Write out the listing from the line with "Ryan Howard Autographed Baseball Card" to the line with "https://ua.interfax.com.ua/news/pharmacy/467638.html", both lines included, exactly and nothing beyond. Leave pictures out.

* Entries supplied *
------------------------------------------------------------
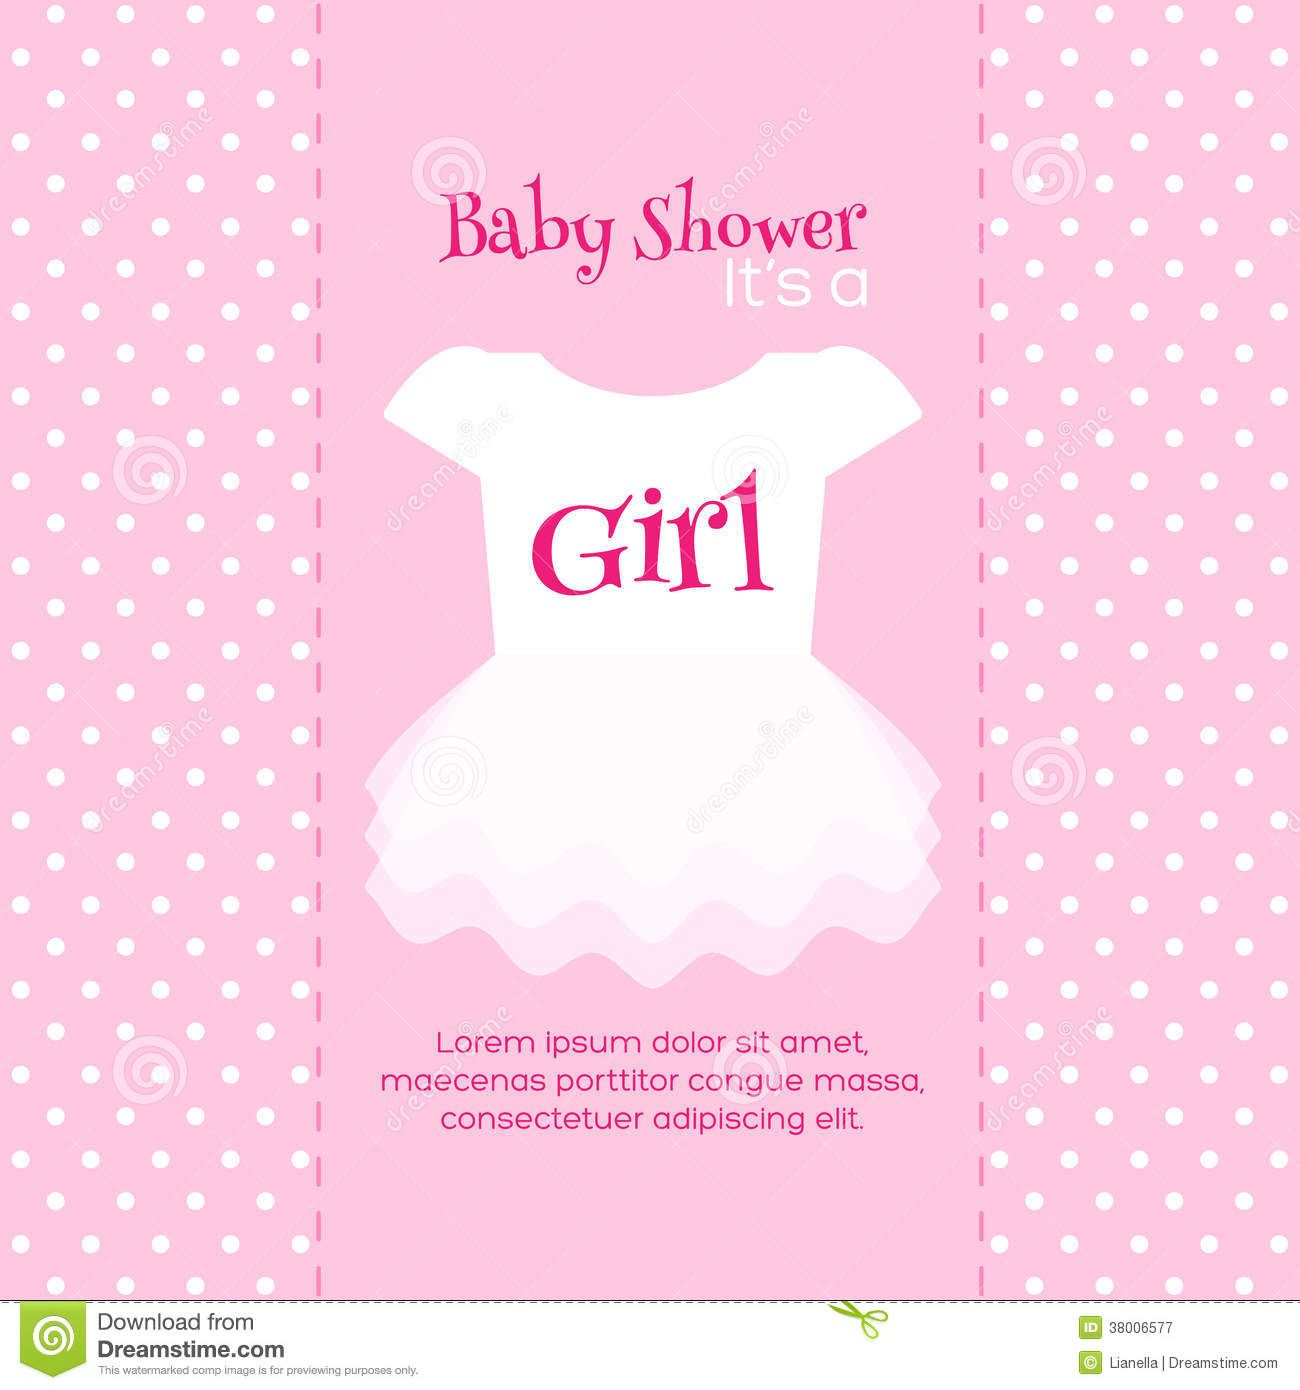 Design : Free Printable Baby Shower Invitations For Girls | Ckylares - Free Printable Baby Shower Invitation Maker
------------------------------------------------------------
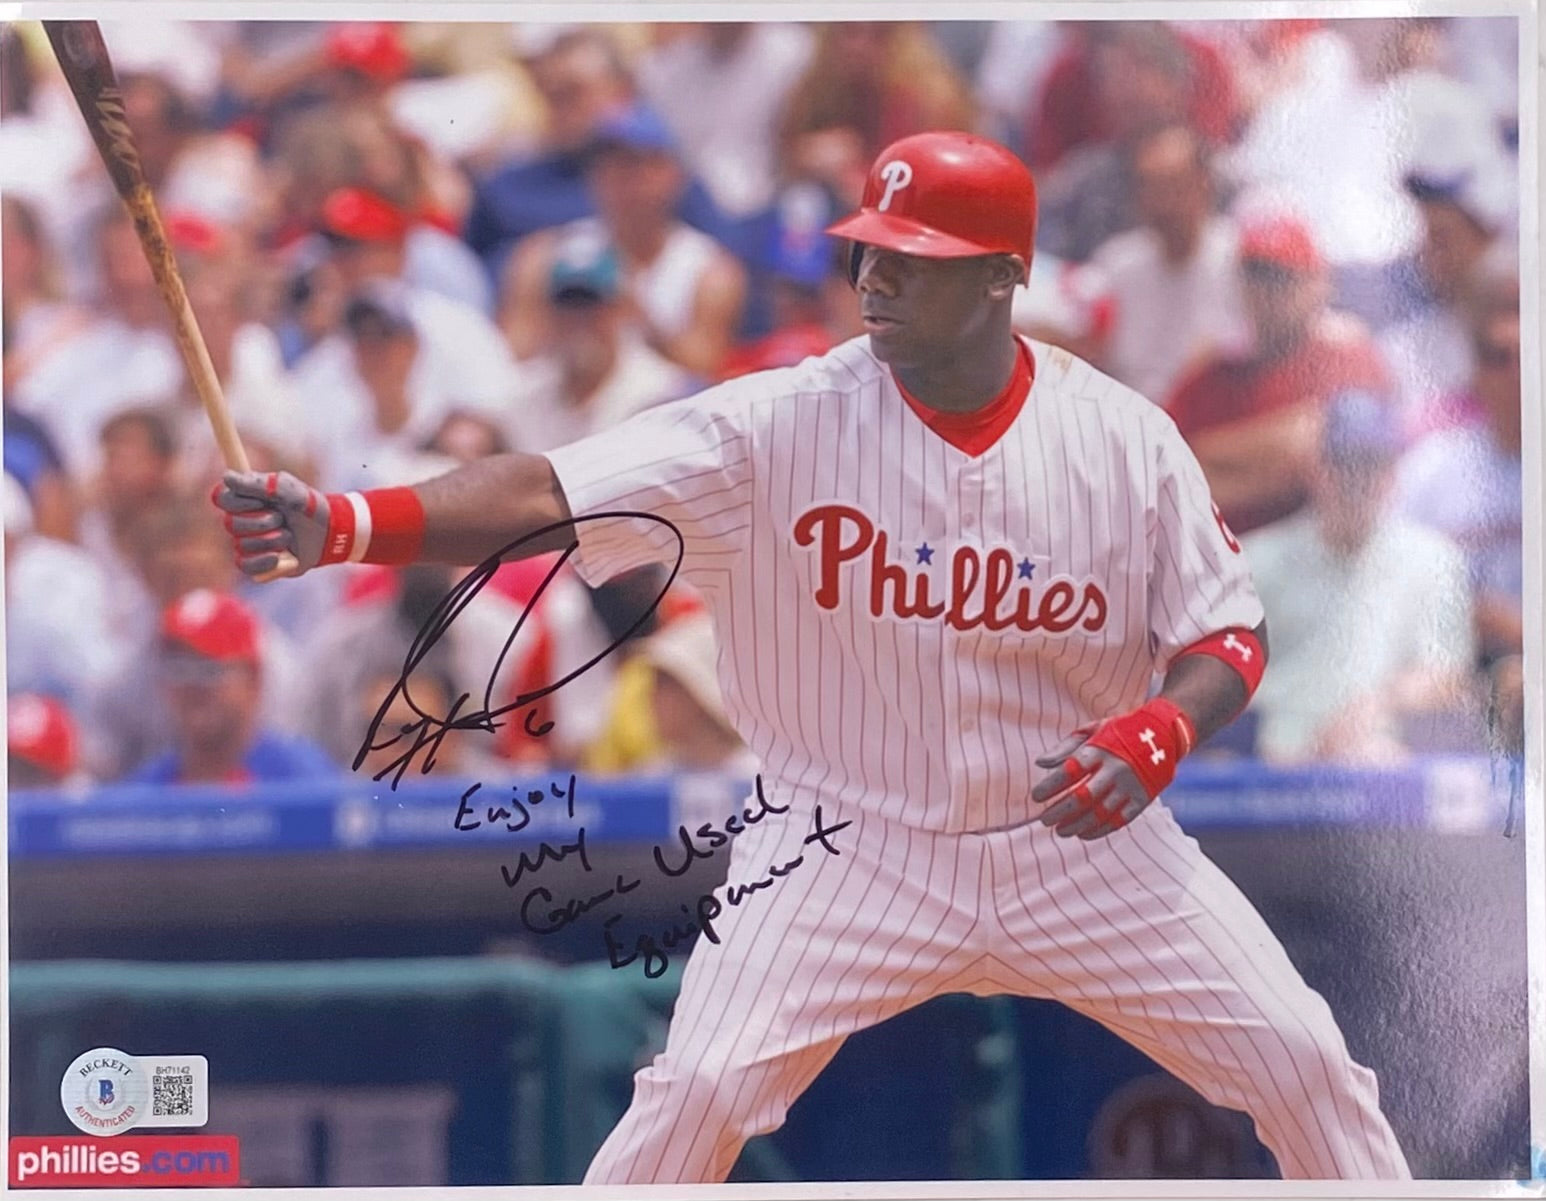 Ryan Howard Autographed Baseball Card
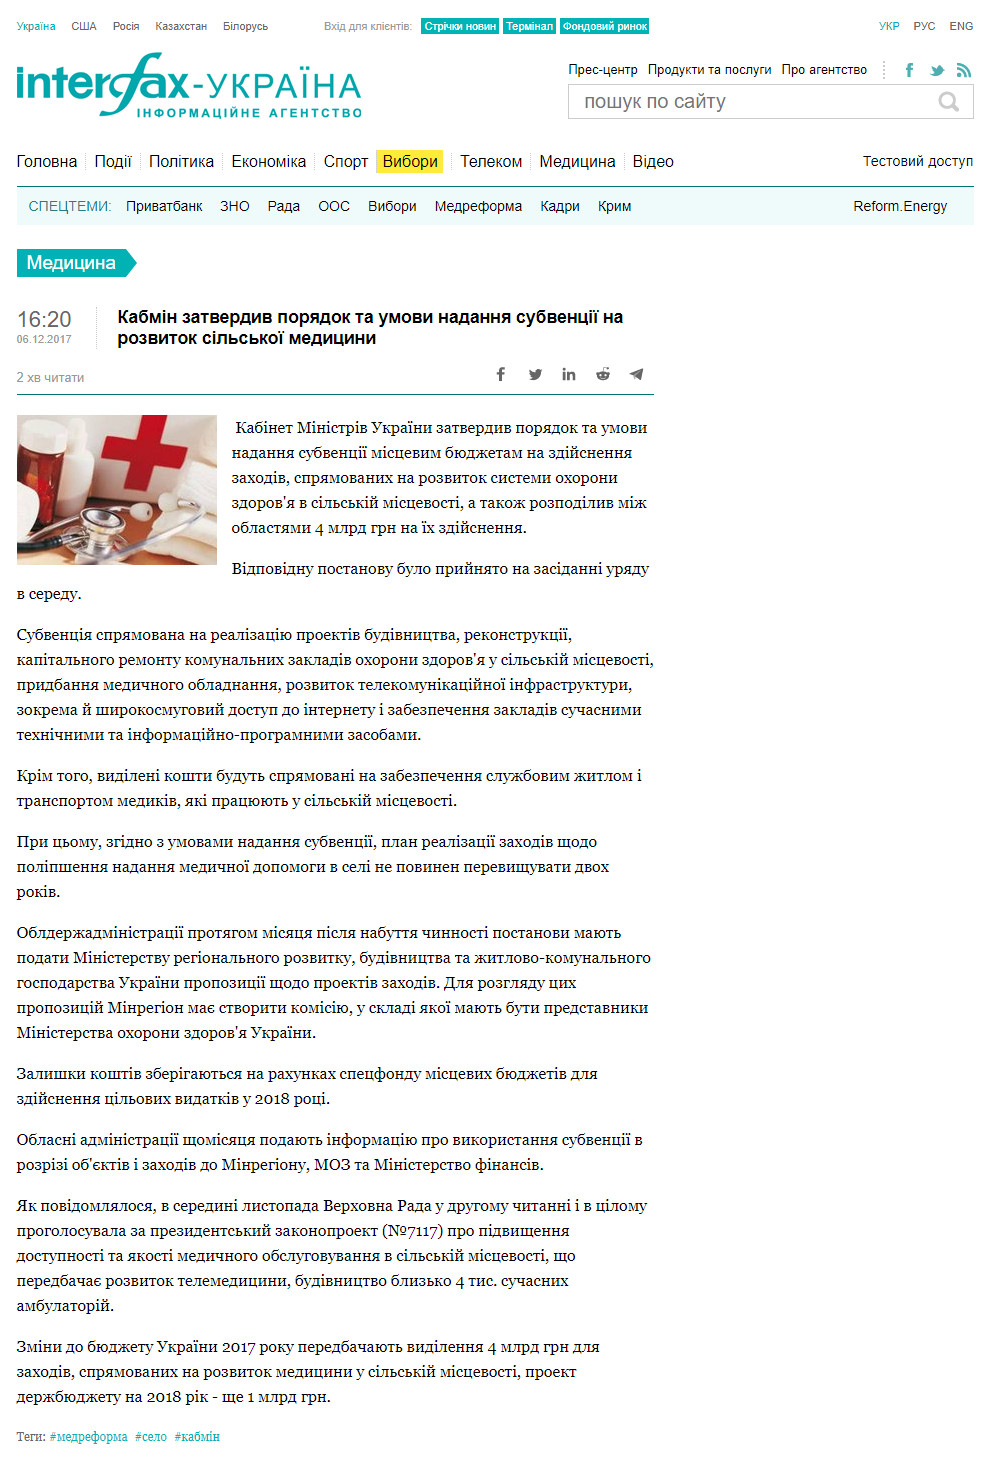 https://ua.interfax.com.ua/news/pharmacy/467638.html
------------------------------------------------------------
* Task output *
 Ryan Howard Autographed Baseball Card
 https://ua.interfax.com.ua/news/pharmacy/467638.html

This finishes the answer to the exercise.